* _Requirement_: All of the data goes into your copy exactly as written. Images do not.

* _Data below_:
------------------------
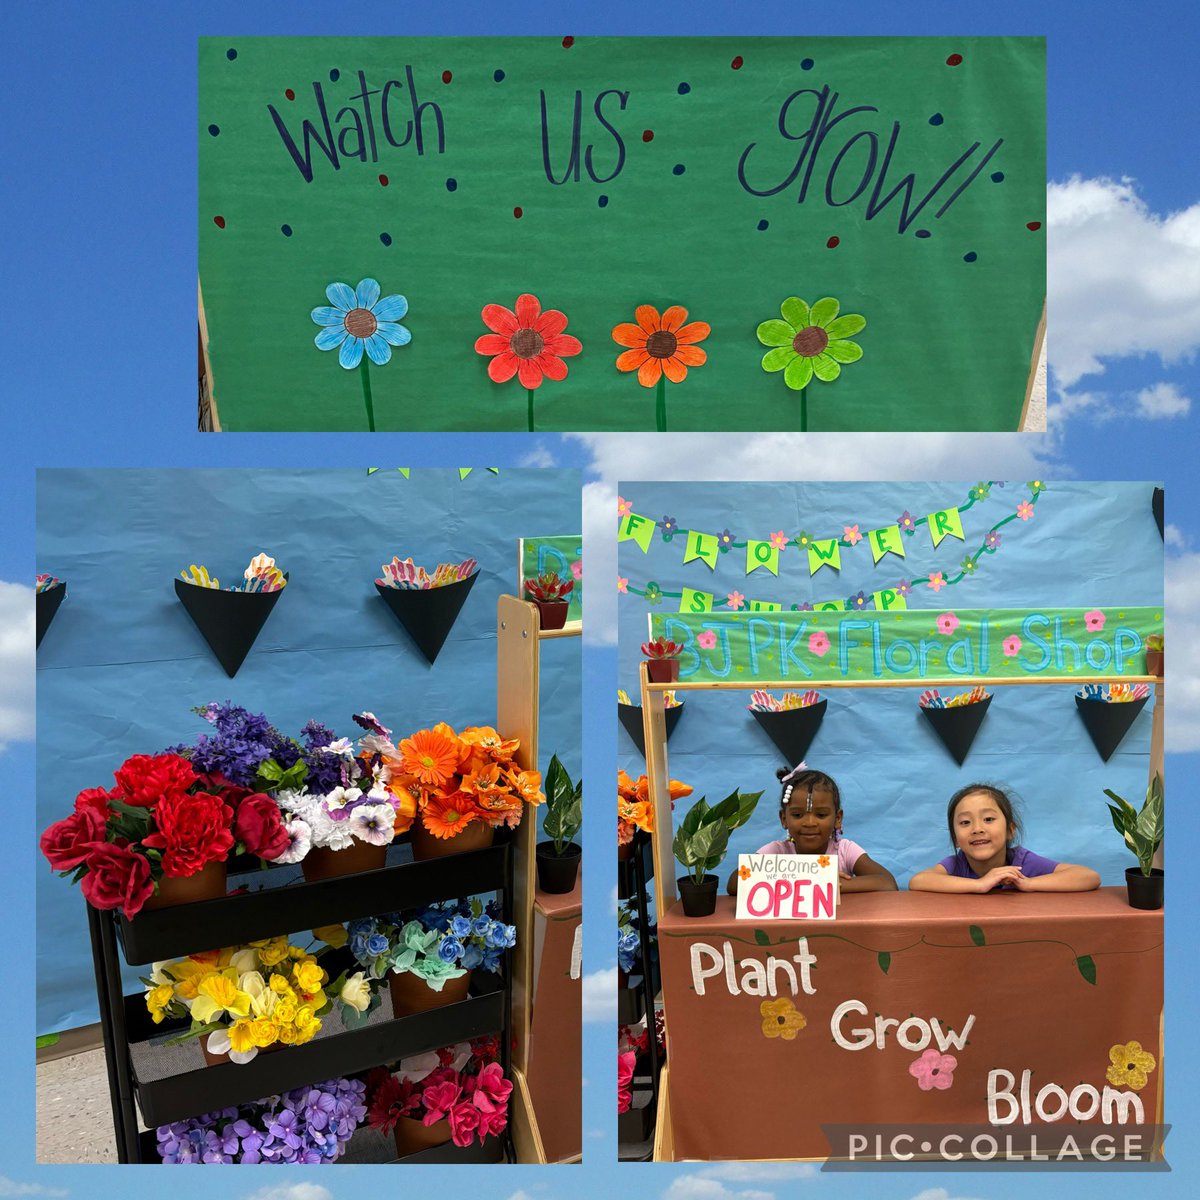 The BJE PreK Flower Shop is open for business! #watchusgrow 
#PrekisFUNdamental @FortBendISD @FBISDEarlyChild 
@BJEPrincipal
------------------------
* _Answer to the problem_:
 The BJE PreK Flower Shop is open for business! #watchusgrow 
#PrekisFUNdamental @FortBendISD @FBISDEarlyChild 
@BJEPrincipal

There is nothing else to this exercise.